This dataset was compiled from the Penn World Tables and other sources
by Adalmir Marquetti, April 18, 2004.
How to Use the Data
When you click on the "Download" link, the file will be
downloaded to your browser. At this point save the file to your hard disk in a
directory and with a name you choose.
The data files are text files representing spreadsheets in
"text" form. Each row of the spreadsheet ends with a carriage return,
and the individual entries are separated by tabs. Once you have downloaded the
file to your own computer, most spreadsheet programs will open these files
directly. In some cases you may have to "import" the spreadsheet.
Each row of the spreadsheet contains the following variables:
1. Id_ Country identifier
2. Country _ Country in the
data set. The countries included are: ANGOLA, ARGENTINA, AUSTRALIA, AUSTRIA,
BANGLADESH, BARBADOS, BELGIUM, BENIN, BOLIVIA, BOTSWANA, BRAZIL, BURKINA FASO, BURUNDI, CAMEROON, CANADA, CAPE VERDE IS.,
CENTRAL AFR. R., CHAD, CHILE, CHINA, COLOMBIA, COMOROS, CONGO, CONGO (DEM.
REPUBLIC), COSTA RICA, COTE d' IVOIRE, CYPRUS, DENMARK, DOMINICA, DOMINICAN
REP., ECUADOR, EGYPT, EL SALVADOR, ETHIOPIA, FIJI, FINLAND, FRANCE, GABON,
GAMBIA, GERMANY, GHANA, GREECE, GRENADA, GUATEMALA, GUINEA, GUINEA-BISSAU,
GUYANA, HAITI, HONDURAS, HONG KONG, HUNGARY, ICELAND, INDIA, INDONESIA, IRAN,
IRELAND, ISRAEL, ITALY, JAMAICA, JAPAN, JORDAN, KENYA, KOREA (REP. of), LESOTHO, LUXEMBOURG,
MADAGASCAR, MALAWI, MALAYSIA, MALI, MAURITANIA, MAURITIUS, MEXICO, MOROCCO,
MOZAMBIQUE, NAMIBIA, NEPAL, NETHERLANDS, NEW ZELAND, NICARAGUA, NIGER, NIGERIA,
NORWAY, PAKISTAN, PANAMA, PAPUA N. GUINE, PARAGUAY, PERU, PHILIPPINES, POLAND,
PORTUGAL, ROMANIA, RWANDA, SENEGAL, SEYCHELLES, SIERRA LEONE, SINGAPORE, SOUTH
AFRICA, SPAIN, SRI LANKA, St.
VINCENT & GRENADINES, SWEDEN, SWITZERLAND, SYRIA, TAIWAN, TANZANIA,
THAILAND, TOGO, TRINIDAD & TOBAGO, TUNISIA, TURKEY, UGANDA, UNITED KINGDOM,
URUGUAY, USA, VENEZUELA, ZAMBIA, and ZIMBABWE.

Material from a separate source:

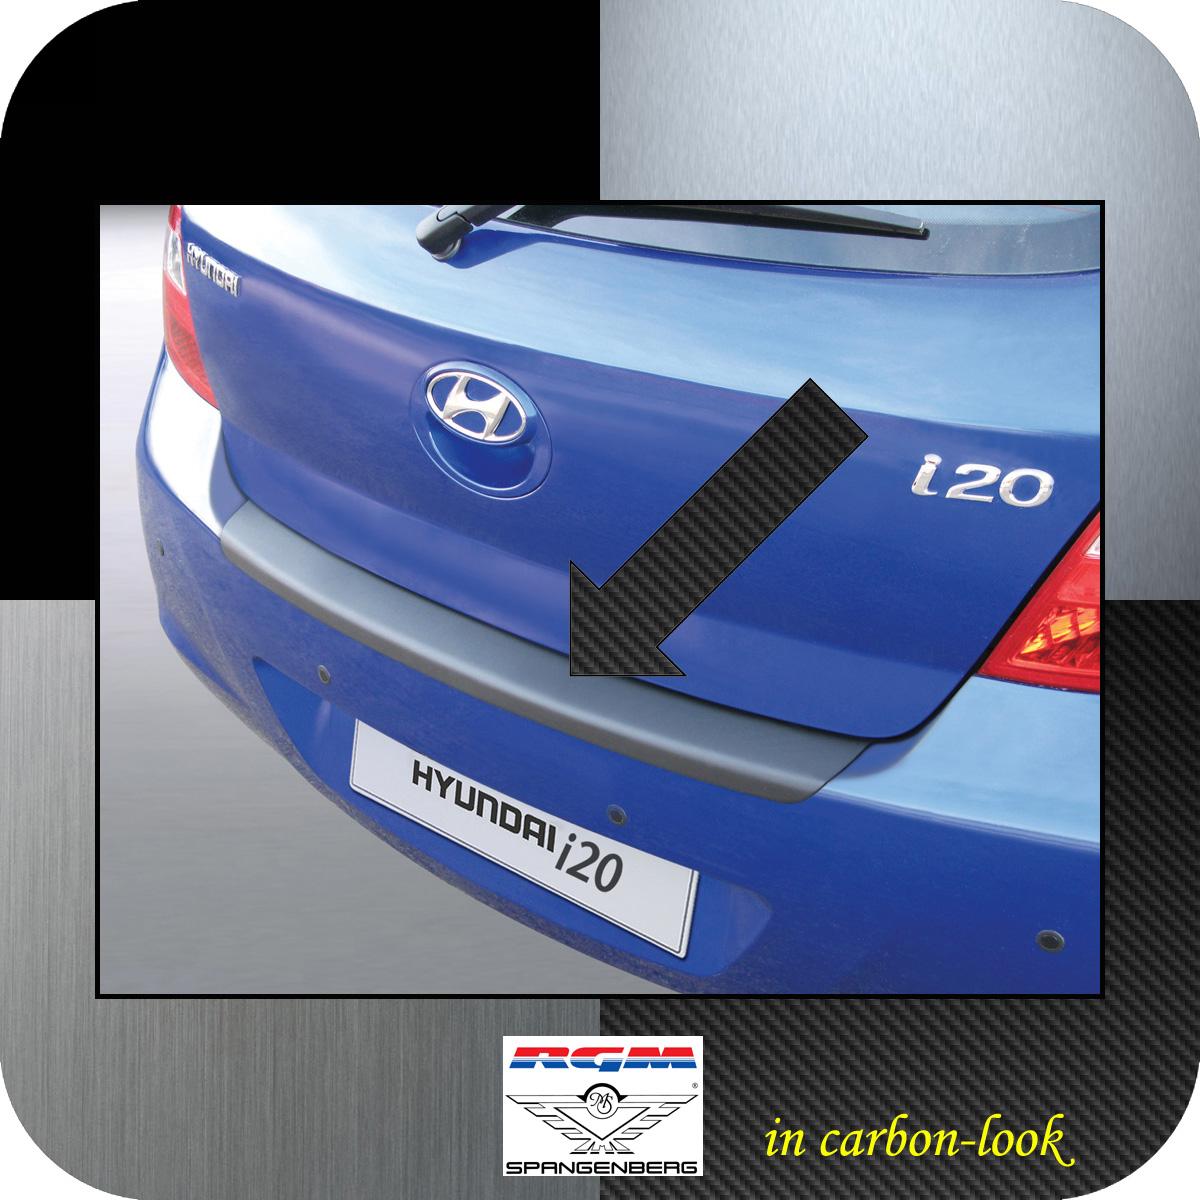 Ladekantenschutz Carbon-Look Hyundai i20 I Schrägheck vor Mopf 2008-12 3509212

3. Year_ Years covered in the data set.
4. Quality_ Quality rating of the country data in PWT.
5. Pop(000s)_ Population in thousands [1000].
6. N_ Number of employed workers.
7. Fertility_ Total
fertility rate per woman.
8. Birth_ Crude birth rate [per 1000 population].
9. Mortality_ Crude death rate [per 1000 population].
10. X_ Real Gross Domestic Product
in 1996 purchasing power parity (Chain Index).
11. K_ Our estimated net fixed standardized capital stock.
12. D_ Estimated depreciation from our net fixed standardized capital
stock.
13. Delta(%)_ Depreciation rate.
14. d_ Estimated depreciation per worker.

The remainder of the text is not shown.